The root of so many of our challenges, and so many of the disadvantages that the majority of our people endure, is the spatial logic of apartheid. Spatial inequality and exclusion has created suburbs of services, amenities and opportunities and vast areas of deprivation. That has never been addressed either through programmes to ensure spatial integration through affordable housing projects in the right places or through addressing the built environment inequalities and discrepancies in those apartheid suburbs used to dump people under the Group Areas Act. For as long as the inequalities persist, and they originate spatially and present spatially, socially and economically, we will never achieve a just and equitable South Africa. Our social and economic stability and sustainability depends on us addressing the original sin: physical segregation based on skin colour. This segregation persists today and is being perpetuated through an ill-conceived and totally inadequate public housing programme.

7. Which social justice issues are you most concerned with?

Access to a basic income. Access to food and food insecurity. Gangsterism and the destruction of communities by organised crime. Gender inequality and gender based violence.

8. Does Parliament do a good job of holding the Executive to account? If not, what can be done to improve this?
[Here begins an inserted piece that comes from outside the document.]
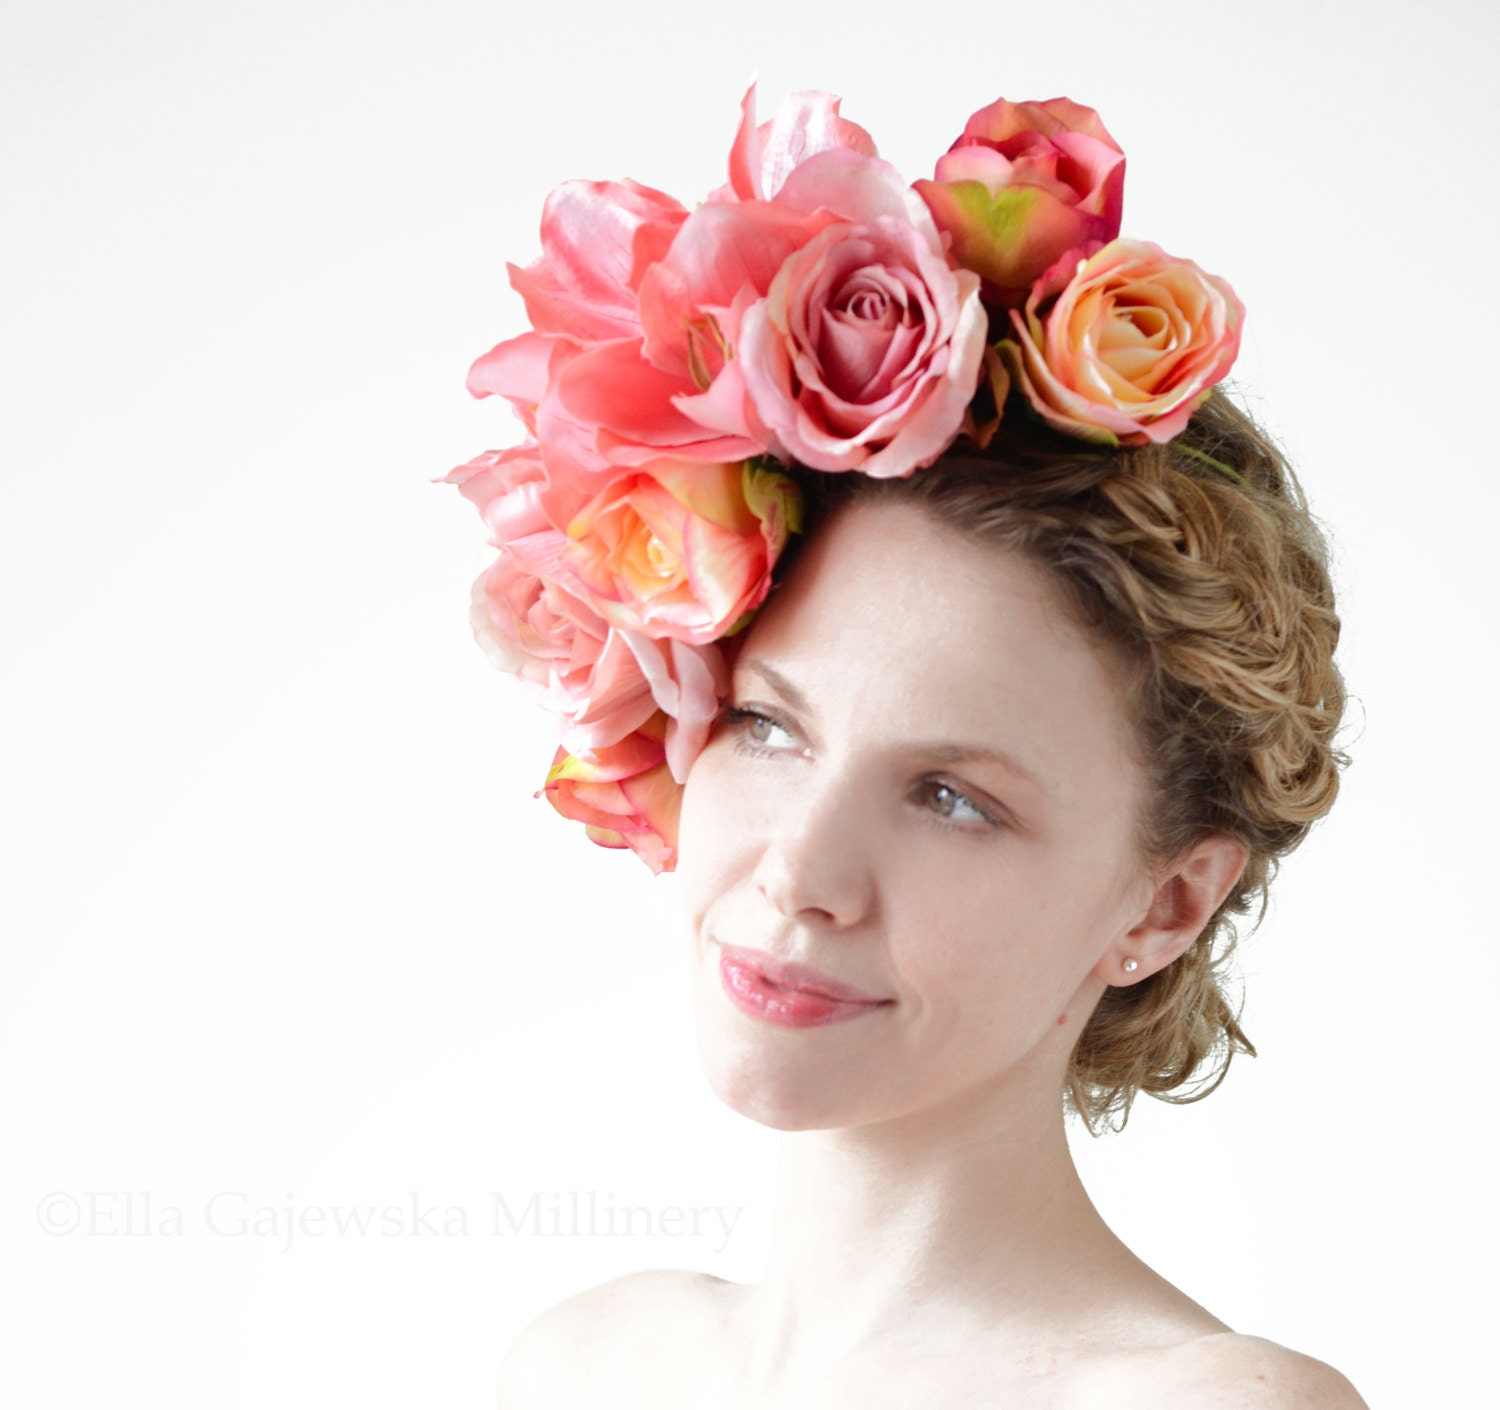 Floral Crown - Coral Rose Lilly - Fabric Flowers Pink Powder - Oversized Pinks Headpiece Wreath Wedding Whimsical Bridal Garden Summer Party - EllaGajewskaHATS

Not really. The Westminster Parliamentary system does not allow for sufficient interrogation of executive decisions and answers to parliamentary questions. Its all so tightly managed and packaged that it is more theatre than accountability. The debate between members and the executive needs to be changed so that there can be more hearings about major issues and events where members can properly interrogate in the detail required.

9. What are your or your party's aspirations/plans for the remainder of the Sixth Parliament?

To continue to outperform our size and to continue championing the issues that will lead to a just and equitable South Africa and to defeat those who hold us back allowing inequalities, poverty and exclusion to prevail.

10. What obstacles prevent Parliament from doing its work and how would you fix it?

The Westminster style rules of order need to be updated to provide for greater and more in depth interrogation of executive decision making. Currently the system does not allow for matters of national importance to be fully ventilated.